Still winding my way through the Lollypop Tree forest, I started on the border blocks.  My goal is to get everything cut out, shaped and pinned before I start back to school in two (dreaded) weeks.  This is a Giant Work In Progress, for sure.  What’s interesting to me is that for several years I collected the Kaffe Fabrics for this project, and you know how long it’s taken me to work on it.  But now as I’m coming to a close on the cutting part of it (just the billion squares for the interior borders left to do), it’s like I’ve released a whole stack of fabrics back into my stash for use.  I used some of it to line the zipper pocket of the tote (below) and I can see it sliding into other projects, now that I don’t have to “save” it.  As a result, although I was tempted this weekend in Long Beach by many Kaffe fabrics, I didn’t buy any.

And you know how sometimes you just have to SEW SOMETHING?  This was my project–a tote bag.
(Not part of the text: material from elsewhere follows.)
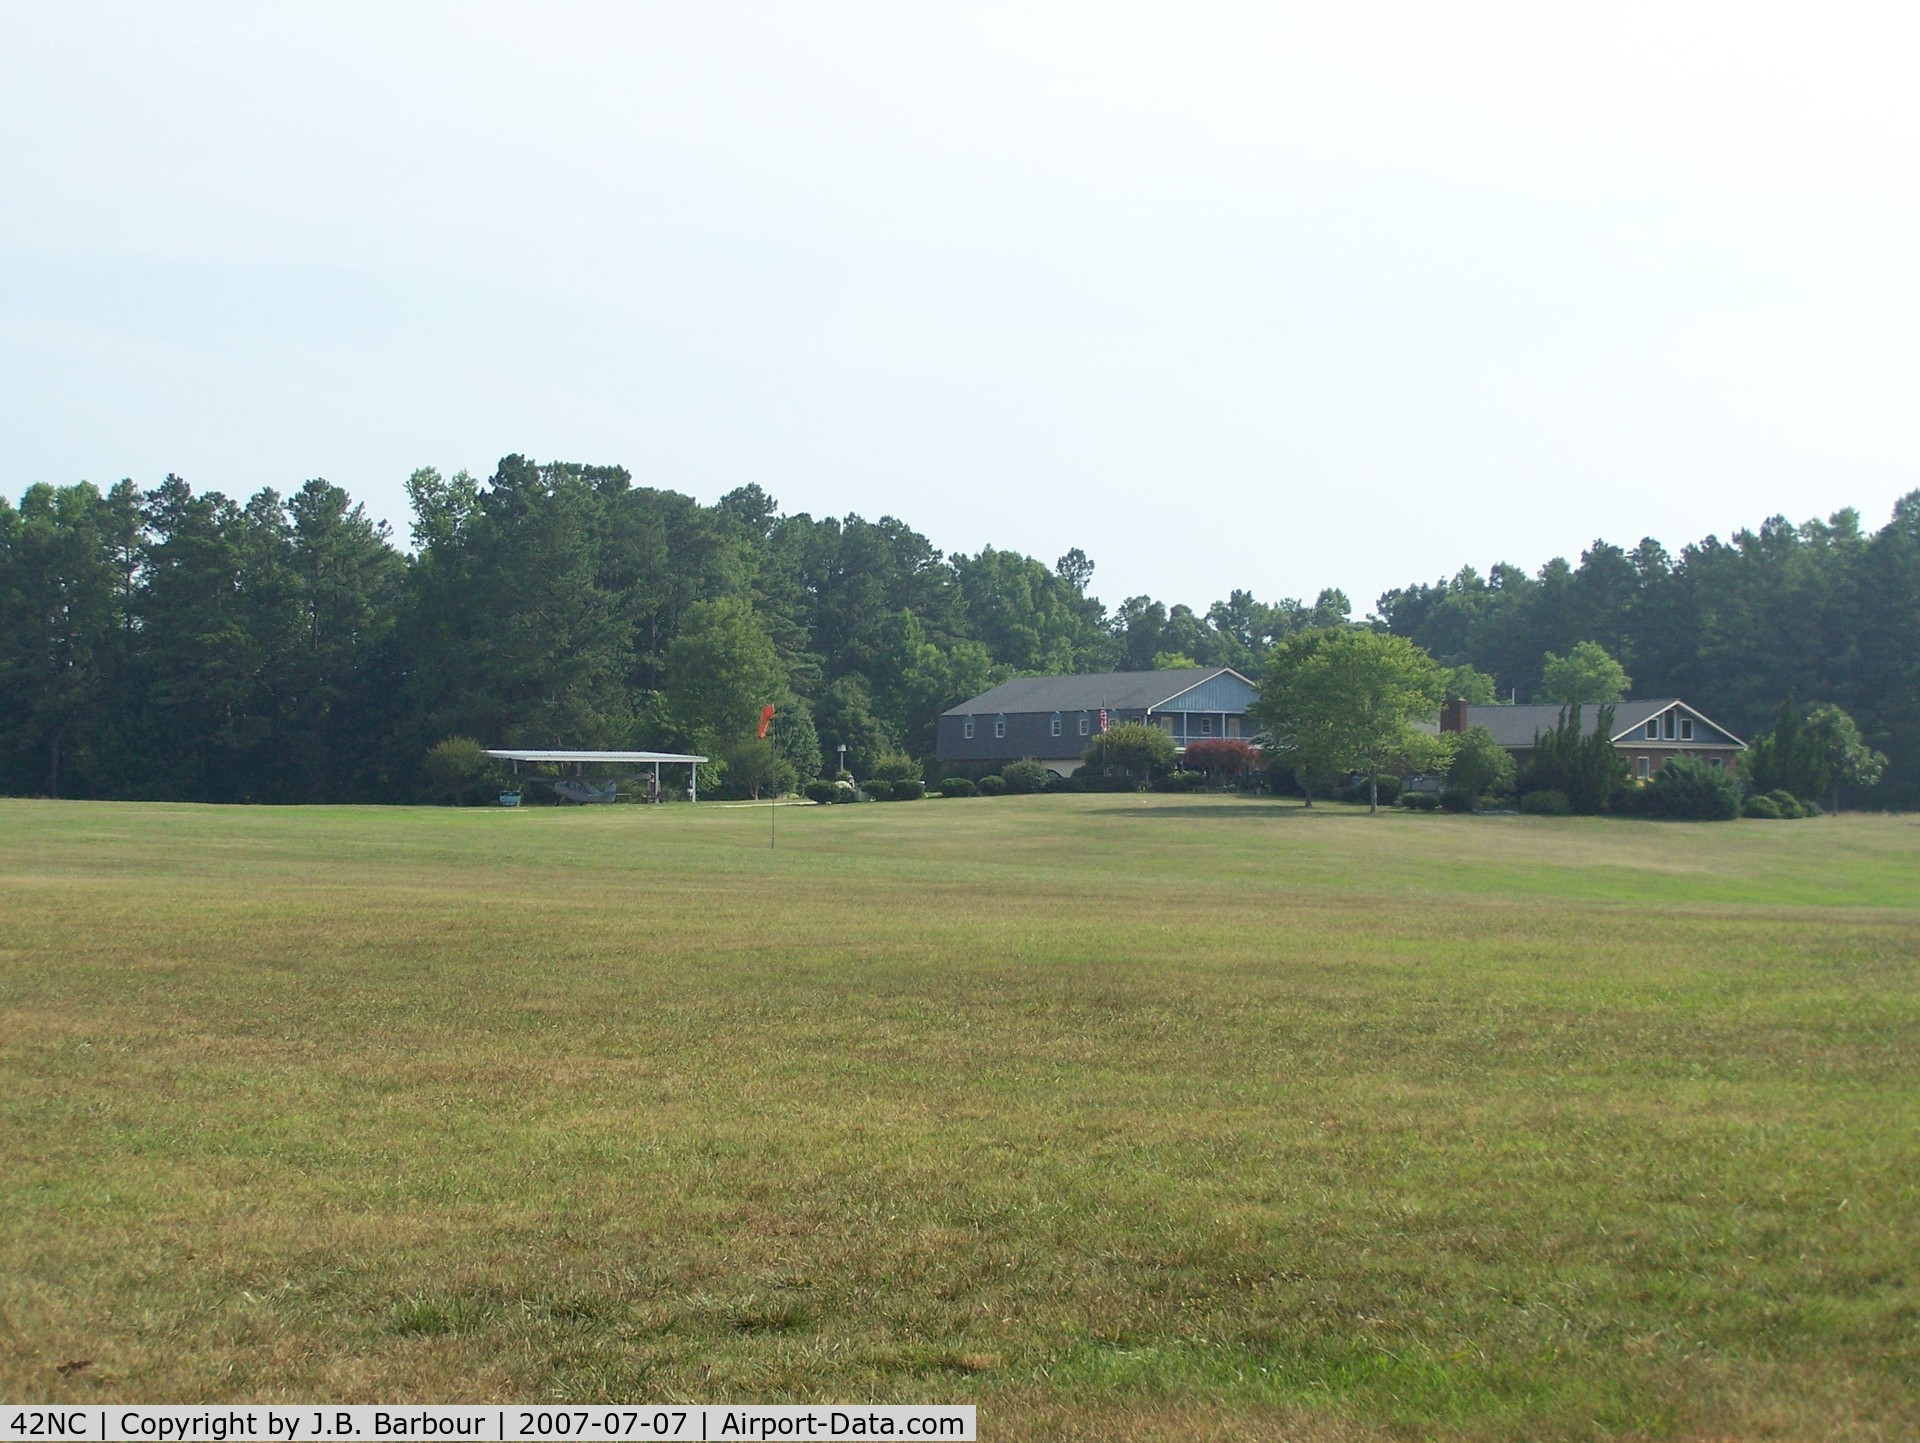 Spring Paths Airport (42NC) - What more can be said about a family with a airstrip in the front yard.

I followed a lot of the tutorial designed by Lindsay Conner (found *here*), but deviated where I wanted to. [Her blog is also fun to read as she has a lot of tutorials.]  I’ve probably made a gazillion tote bags in my life, and after you wade through a few, you figure out it’s not rocket science–just a bunch of squares and rectangles.  I had originally thought I’d make this to take to Long Beach, but got bogged down in the center section, as I wanted a divided tote bag.  The day before I left I just couldn’t wrap my head around how to do it, so took a different tote with me.  (Besides, they gave us a decorative plastic shopping bag tote for our “souvenier bag.” Can I just say how much I miss the cloth canvas bags?  This kind is so. . . plastic.)

I wanted to use up the last of this Spoonflower fabric (thanks, Betty!) and wanted it quilted to make it a sturdier pocket.  This is about where I gave up that night, as the quilting. . . well. . . don’t look at it too closely.

So when I came home, I figured out the divider, plus the pocket/placket/zipper assemblage in time to finish it for church the next morning.

Here’s the birdie fabric side of the interior.

And here’s the zipper side of the interior.

My daughter and family will be here until Friday, then I really have to do something about my class.  Really, I do.

Sigh.  Summer sometimes ends too soon.